In sehr vielen Fachgruppen liegen der Hochrechnung zufolge deutlich mehr als zehn Prozent der Ärzte über der Regressgrenze. Gesetzlich vorgesehen ist, dass nicht mehr als fünf Prozent geprüft werden.
Die Richtgrößen-Senkung trifft laut KV fast alle Fachgruppen. Anästhesisten, Augenärzte, Nervenärzte und Reha-Mediziner profitieren zum Teil. Einige Fachgruppen wurden für die neue Richtgrößensystematik neu gebildet.
So waren bisher alle Internisten zusammengefasst. Nun gibt es für jeden Schwerpunkt eigene Richtgrößen. Hier trifft es Kardiologen und Gastroenterologen besonders hart.
"Echte Bedrohung der medizinischen Versorgung"
Von einer "echten Bedrohung der medizinischen Versorgung" spricht Dr. Rolf Drossel, Vorsitzender des Vereins gastroenterologisch tätiger Internisten in Berlin. Betroffen seien vor allem Patienten mit chronisch-entzündlichen Darmerkrankungen und chronischen Lebererkrankungen.
Doch auch die Ärzte mit höheren Richtgrößen als bisher sind künftig nicht gegen Regresse gefeit. So steigen die Richtgrößen der Onkologen und Rheumatologen zwar um mehr als 400 Prozent. Dafür werden in diesen Fachgruppen aber bestimmte Praxisbesonderheiten nicht mehr anerkannt.
Das Schiedsamt ist mit seiner Entscheidung nach KV-Angaben voll dem Vorschlag der Krankenkassen gefolgt. Die Kassenverbände begrüßten den Schiedsspruch als "versorgungsgerechte Abbildung der Verordnungskosten". Die Senkung bei Allgemeinmedizinern und Kinderärzten sehen sie durch Preissenkungen der letzten Jahre gerechtfertigt.

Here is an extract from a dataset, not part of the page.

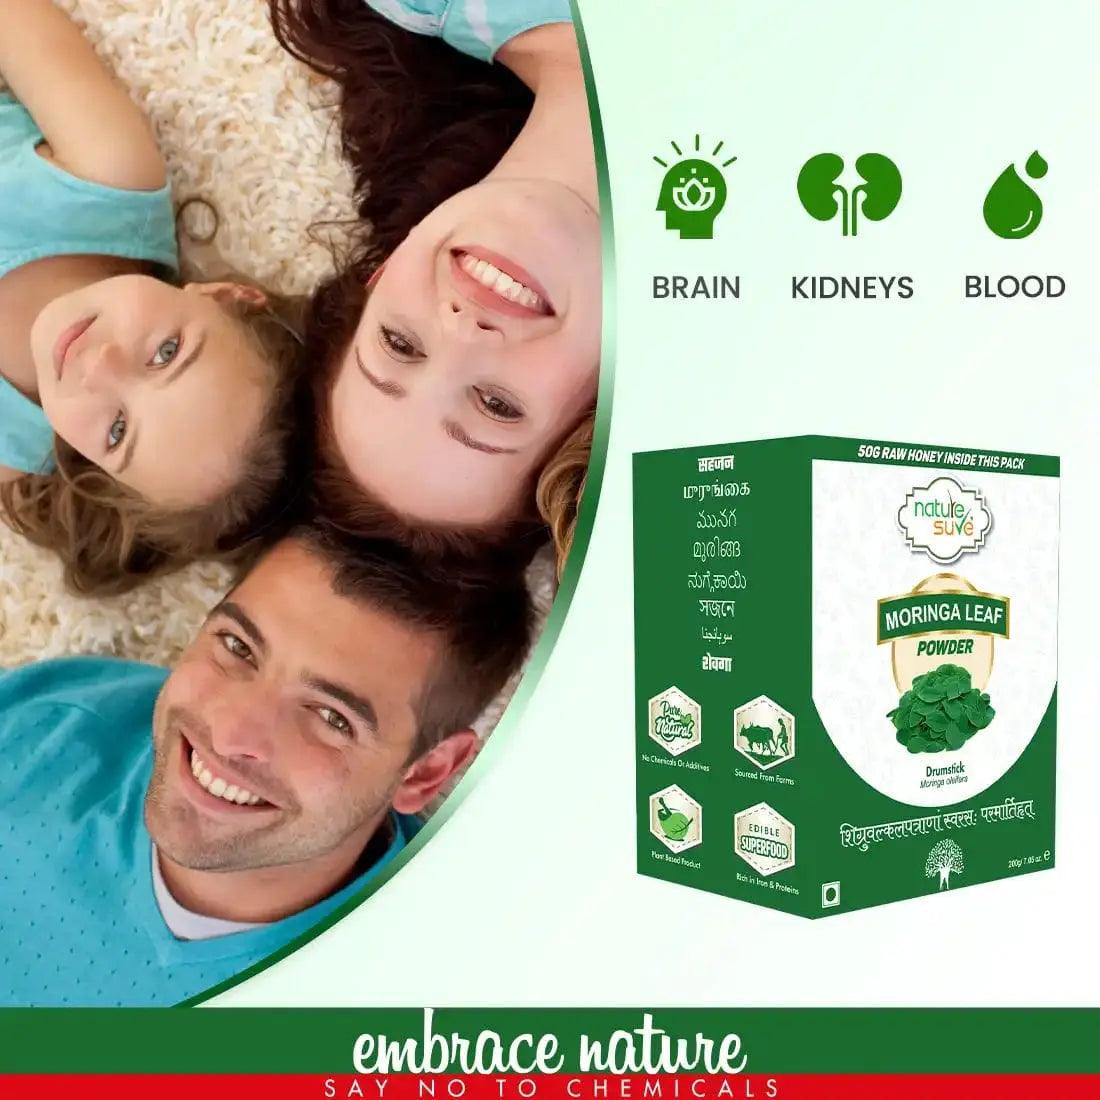 Nature Sure Moringa Leaf Powder is a superfood that is good for brain, kidneys and blood

KV-Chefin Dr. Prehn: Ergebnis unverständlich
Als "katastrophal für die Patienten" wertet dagegen das für Arzneimittel zuständige Vorstandsmitglied Burkhard Bratzke den Schiedsspruch. KV-Chefin Dr. Angelika Prehn bezeichnete das Ergebnis als enttäuschend und unverständlich.
"Jeder Griff zum Rezeptblock bedeutet für einen Vertragsarzt in Berlin künftig eine konkrete Regressgefahr. Es kann doch nicht sein, dass selbst ein Arzt, der bisher wirtschaftlich verordnet hat, nun für diese Medikamente selbst bezahlen soll", sagte Prehn. Sie geht davon aus, dass viele spezialisierte Behandlungen und die Verordnungen teurer Medikamente wieder in die Kliniken verlagert werden.